COLLECTED DATA

╭──

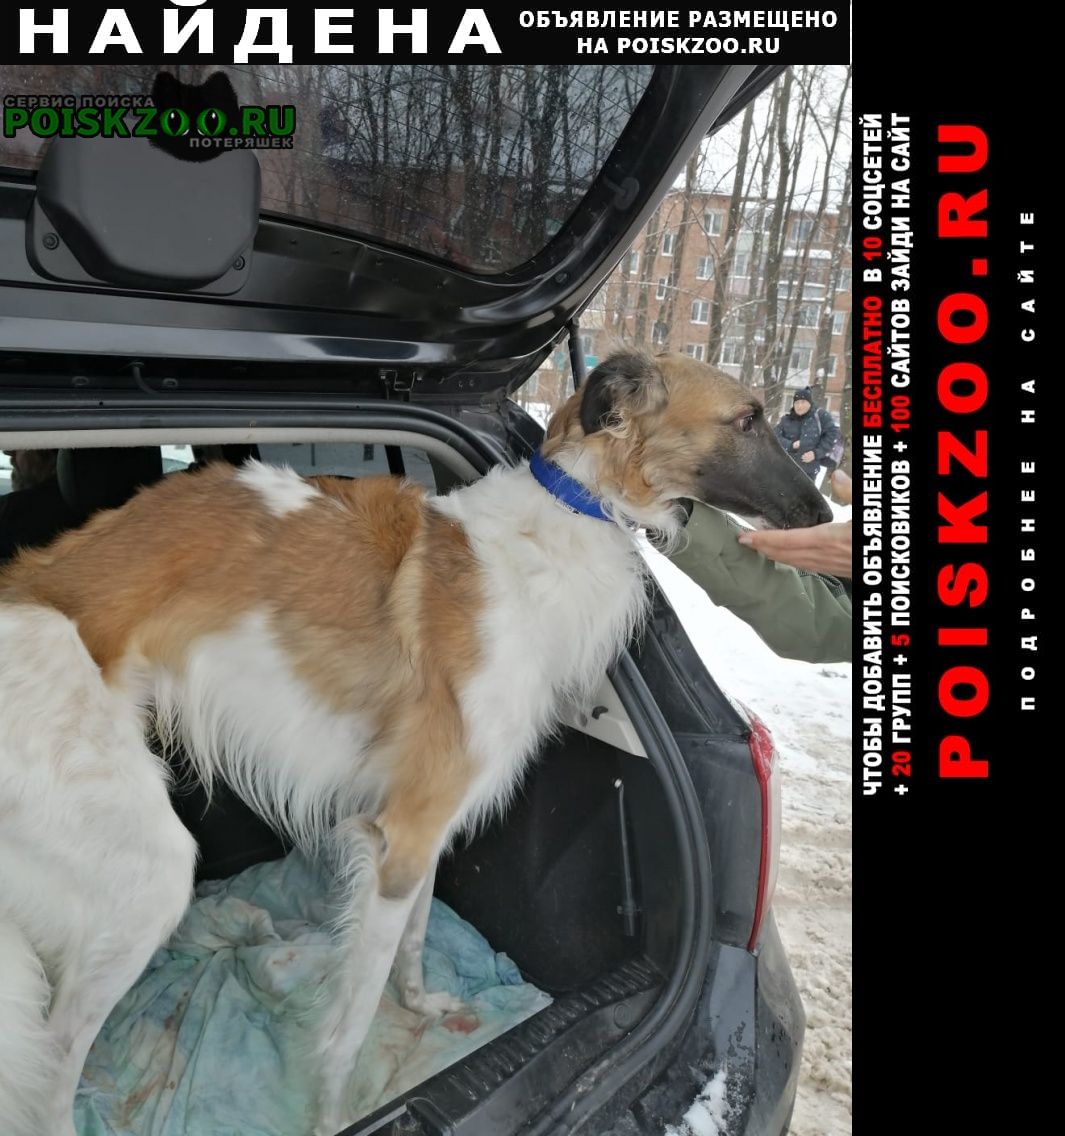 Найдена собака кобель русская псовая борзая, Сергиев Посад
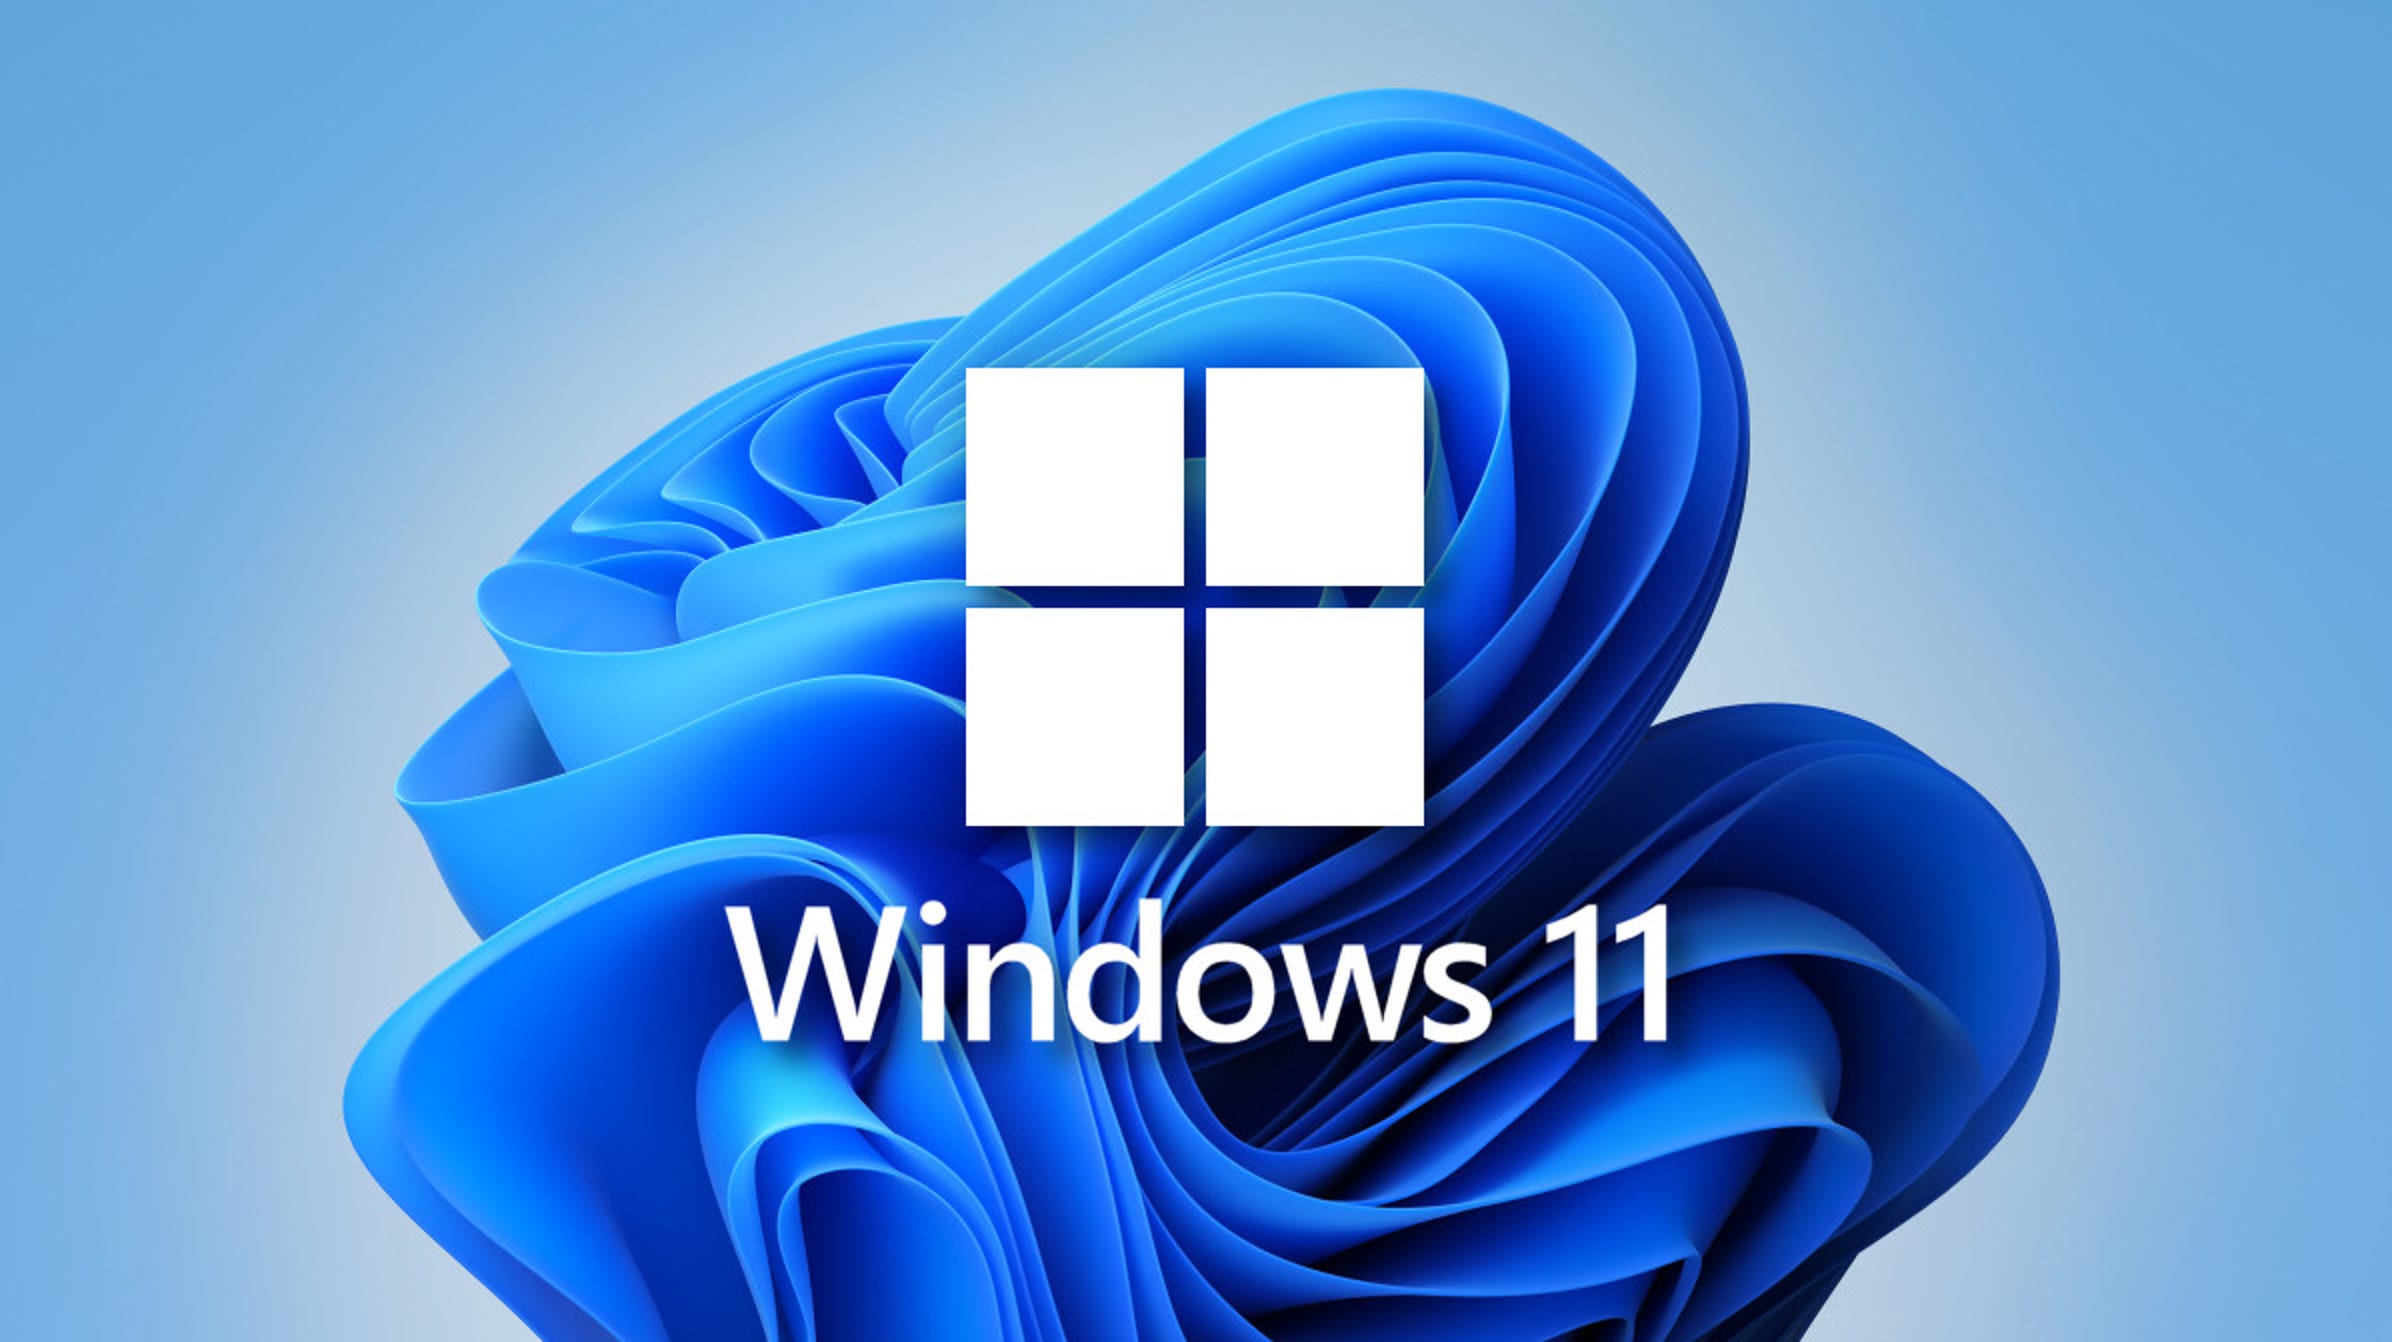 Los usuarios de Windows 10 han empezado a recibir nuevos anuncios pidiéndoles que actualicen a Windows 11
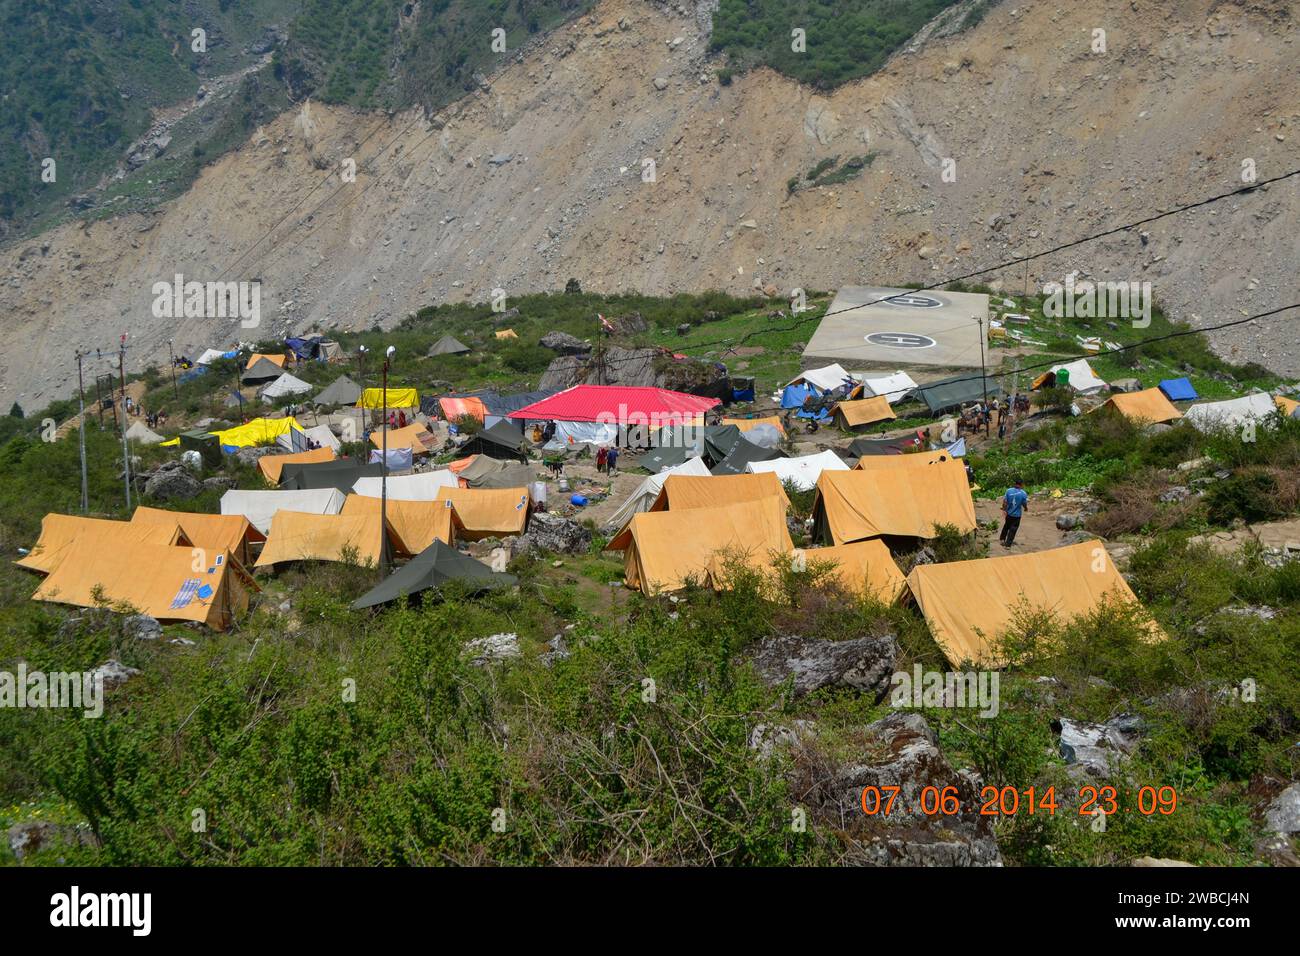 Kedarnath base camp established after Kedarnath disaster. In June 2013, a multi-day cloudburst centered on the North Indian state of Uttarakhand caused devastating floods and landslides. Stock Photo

╰──

WORK TO BE COMPLETED
An exact copy of the listing is required; return it without any pictures.

TASK ANSWER
 Найдена собака кобель русская псовая борзая, Сергиев Посад
 Los usuarios de Windows 10 han empezado a recibir nuevos anuncios pidiéndoles que actualicen a Windows 11
 Kedarnath base camp established after Kedarnath disaster. In June 2013, a multi-day cloudburst centered on the North Indian state of Uttarakhand caused devastating floods and landslides. Stock Photo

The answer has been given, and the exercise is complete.